> _WHAT YOU WILL DO_
Leave the pictures out, and transcribe the material below exactly from the line with "Don't miss this" to the line with "It may not be", both lines included.

> _THE DATA_
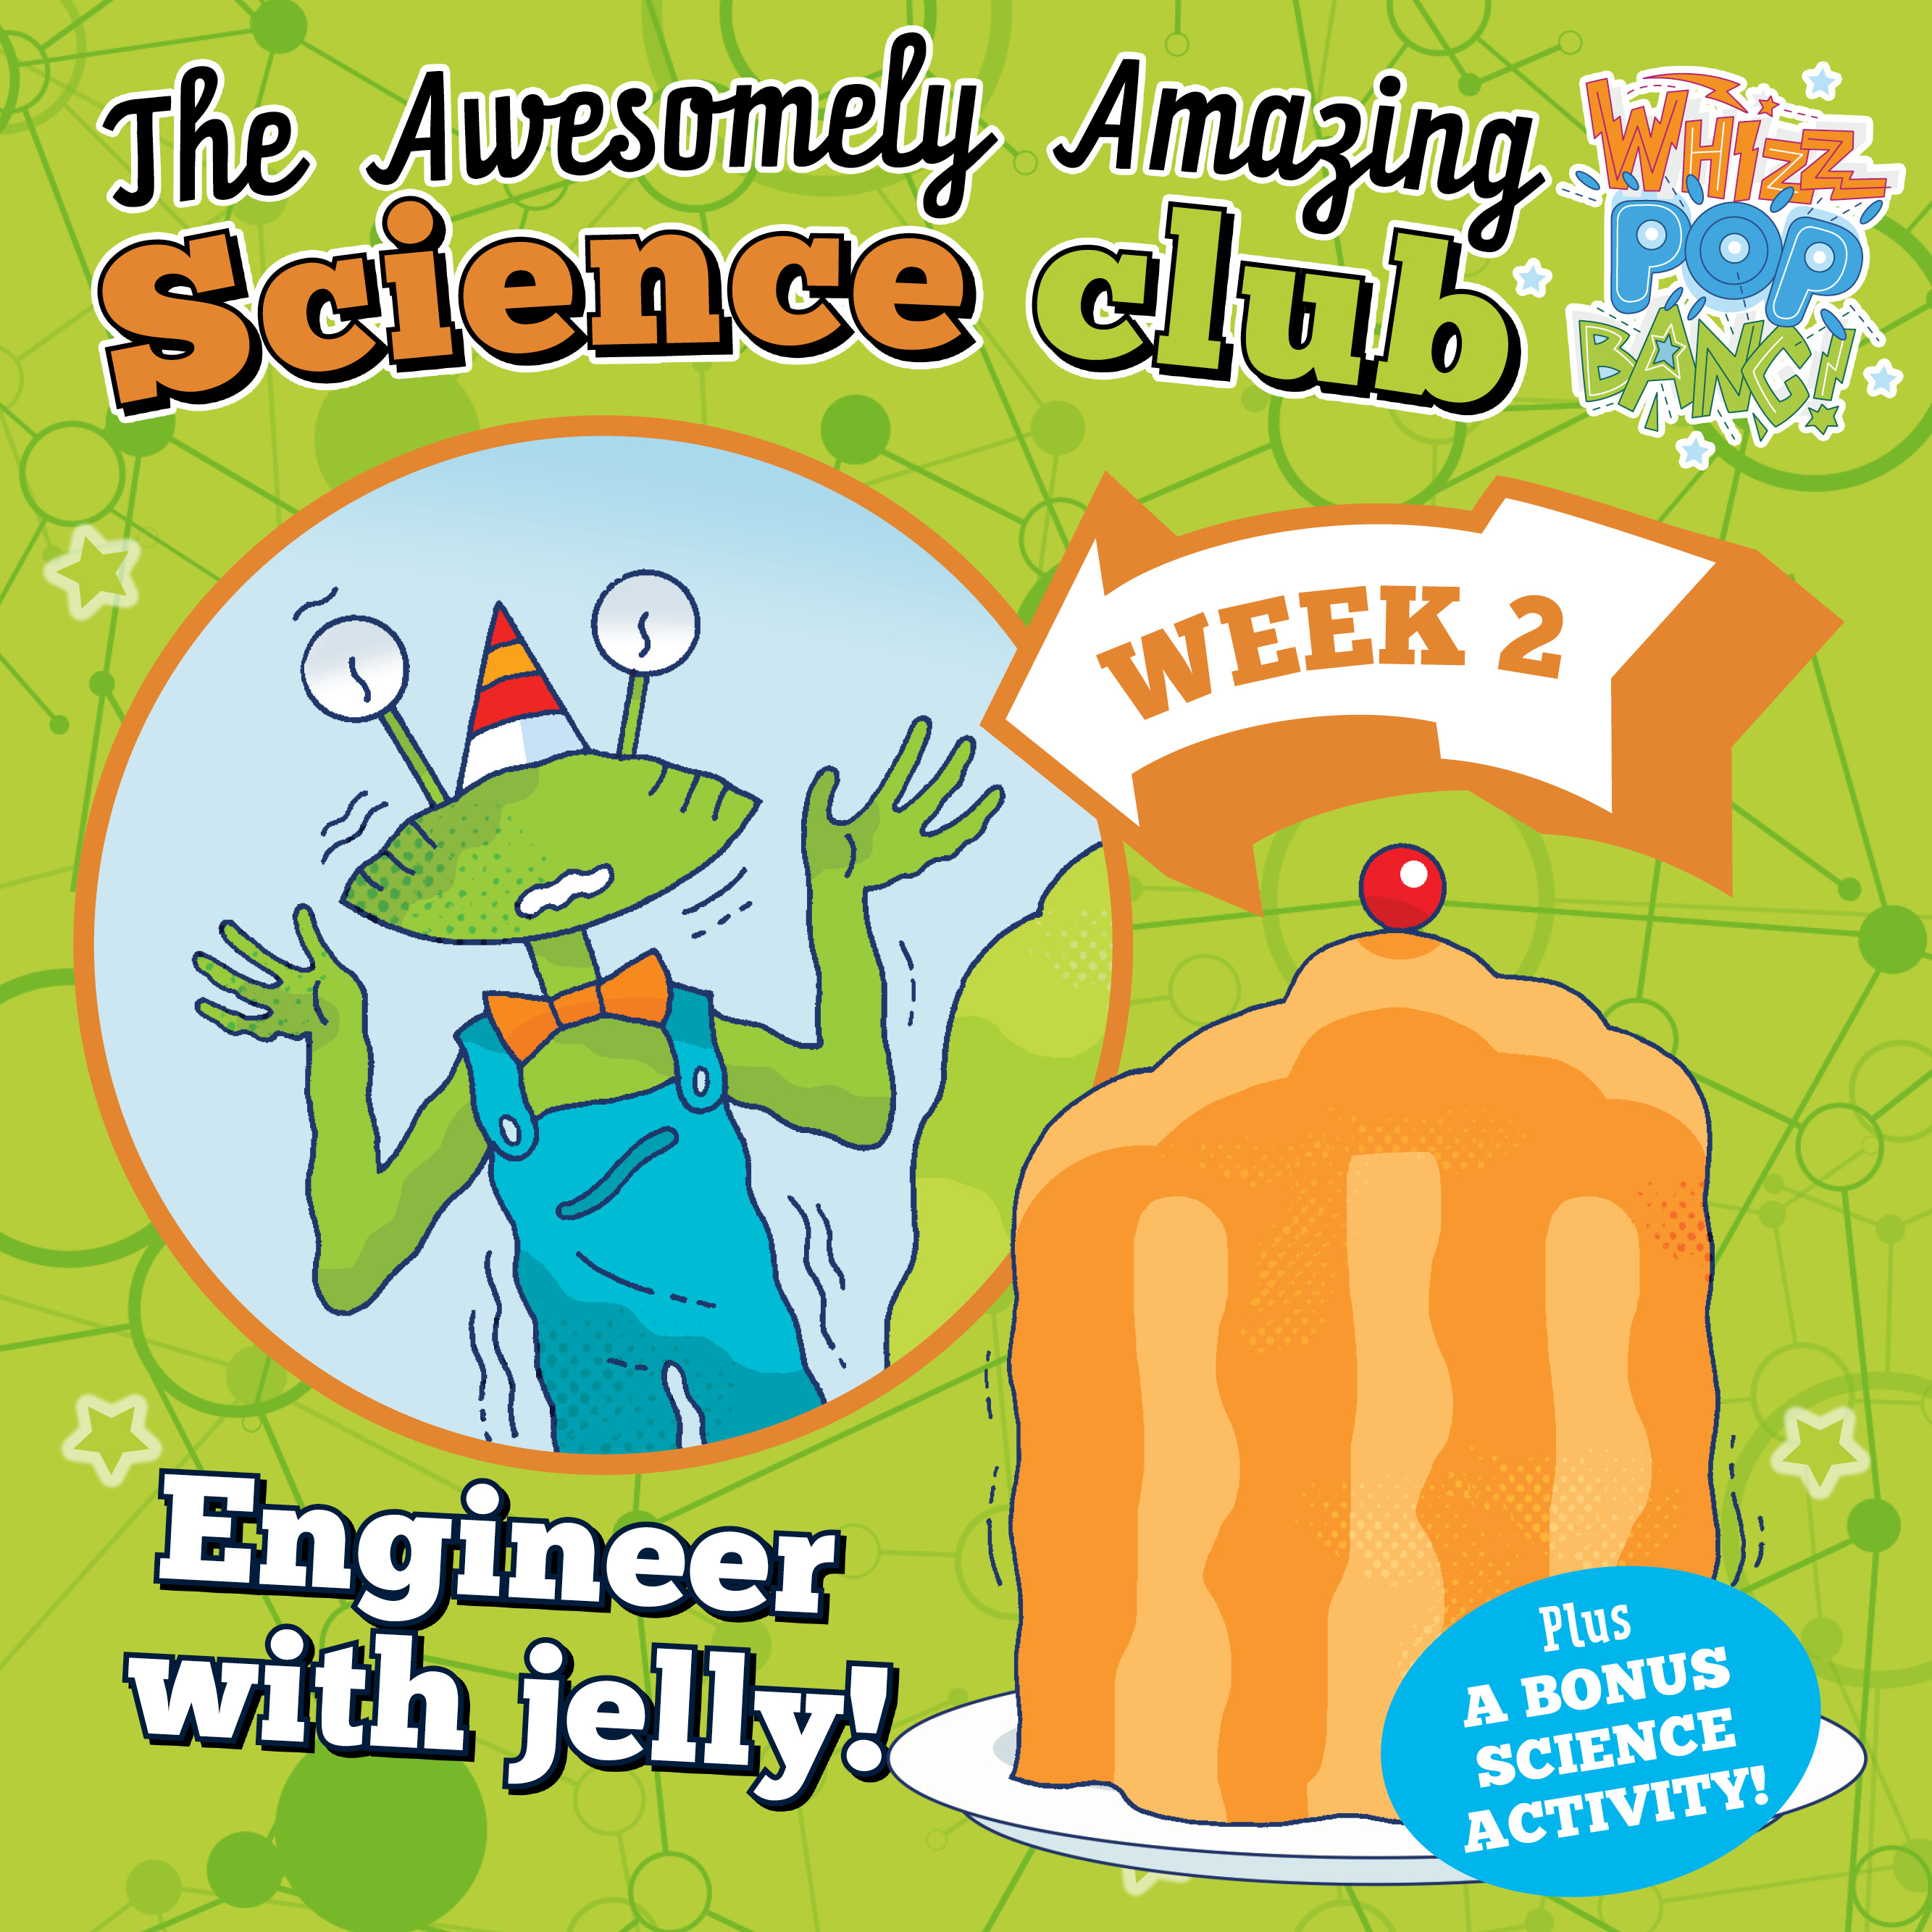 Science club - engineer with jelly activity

...

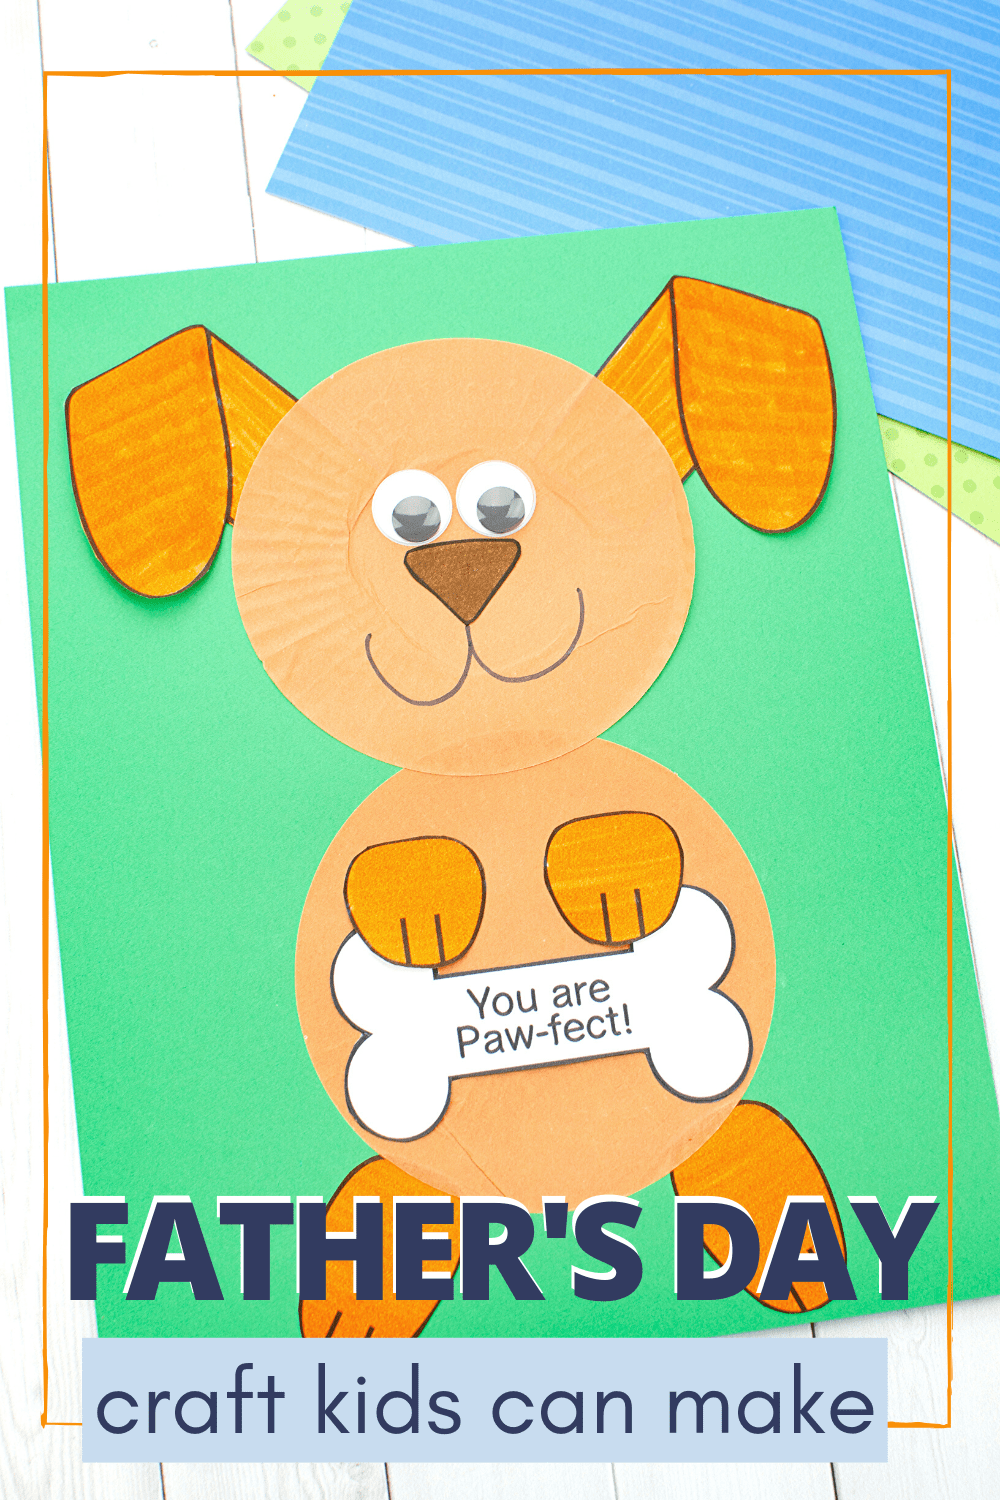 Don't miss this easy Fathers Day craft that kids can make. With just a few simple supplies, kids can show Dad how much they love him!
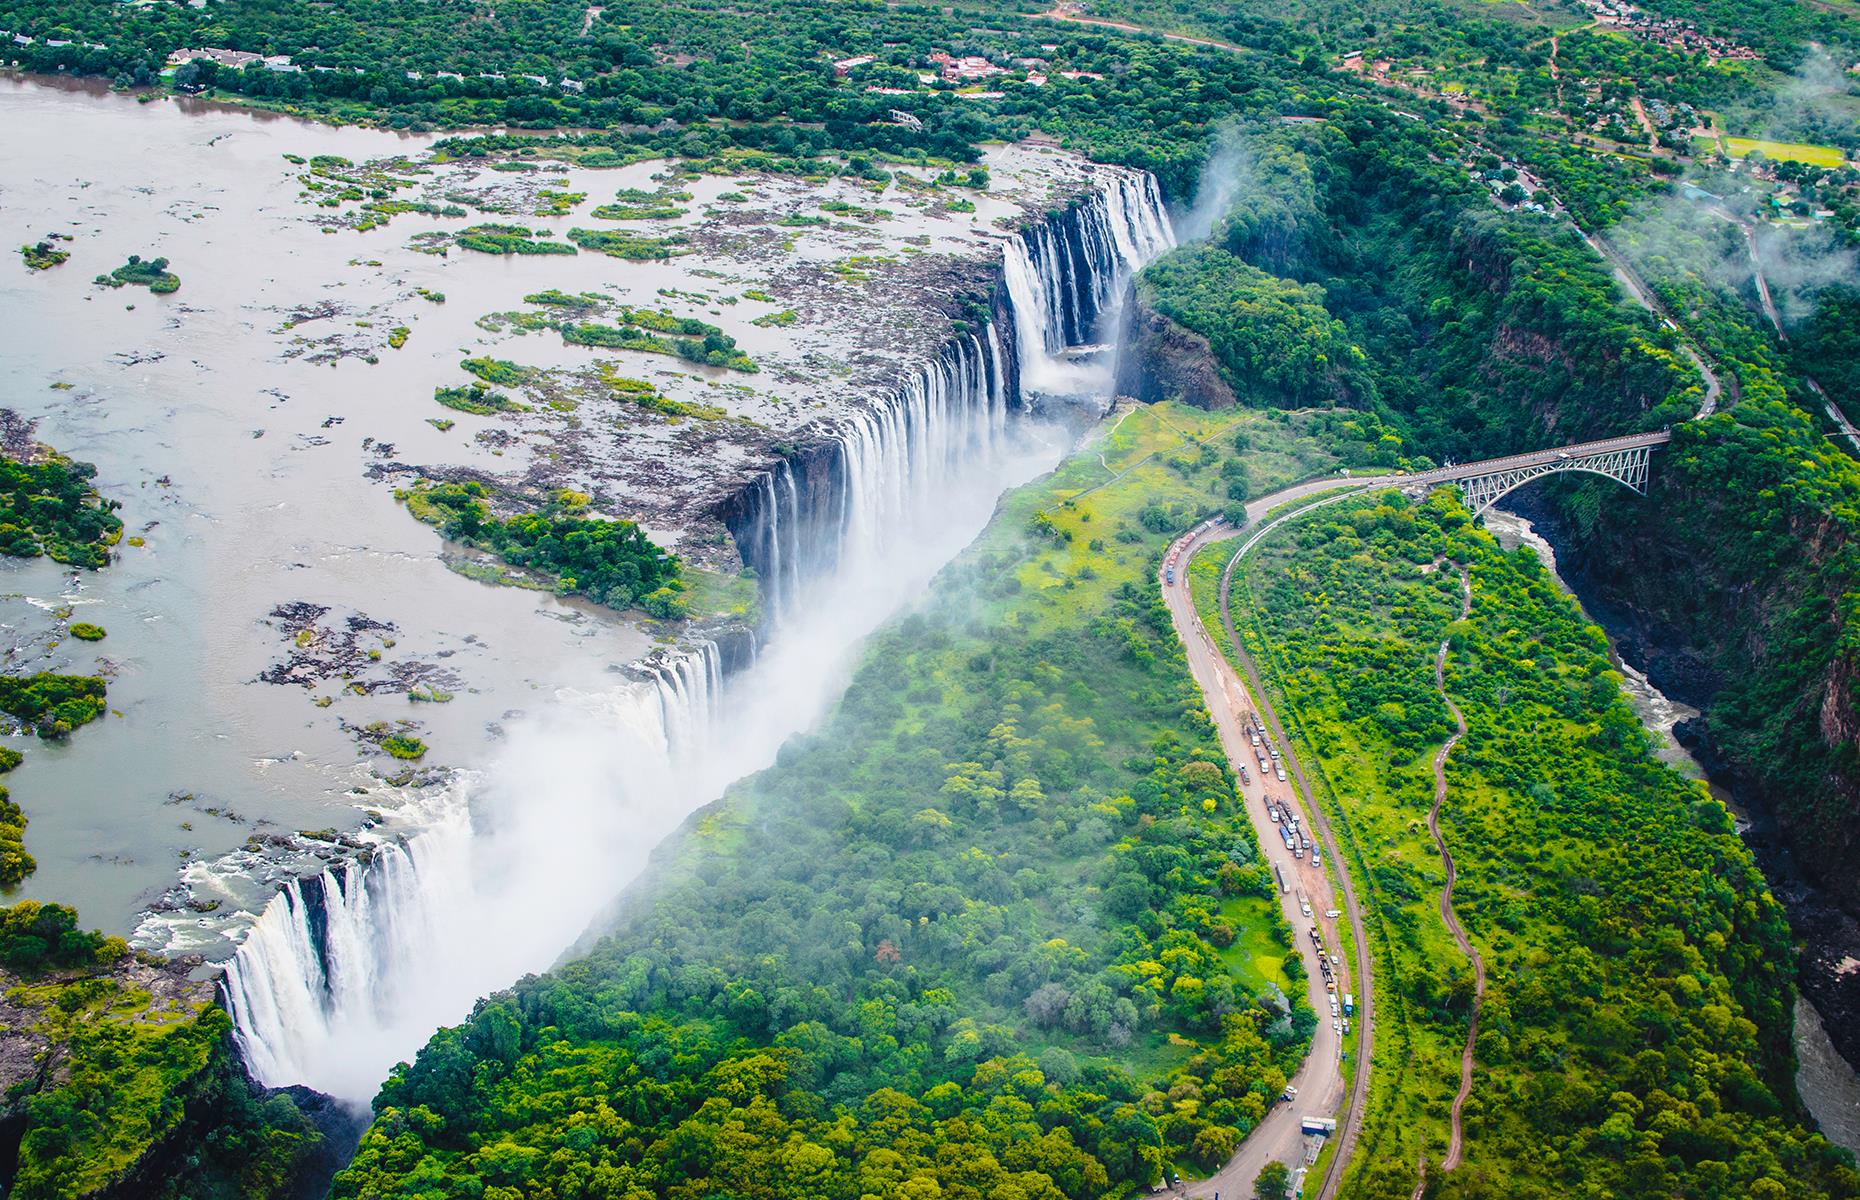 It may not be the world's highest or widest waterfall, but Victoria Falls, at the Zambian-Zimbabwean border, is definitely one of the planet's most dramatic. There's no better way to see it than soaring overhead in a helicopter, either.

> _TASK SOLUTION_
 Don't miss this easy Fathers Day craft that kids can make. With just a few simple supplies, kids can show Dad how much they love him!
 It may not be the world's highest or widest waterfall, but Victoria Falls, at the Zambian-Zimbabwean border, is definitely one of the planet's most dramatic. There's no better way to see it than soaring overhead in a helicopter, either.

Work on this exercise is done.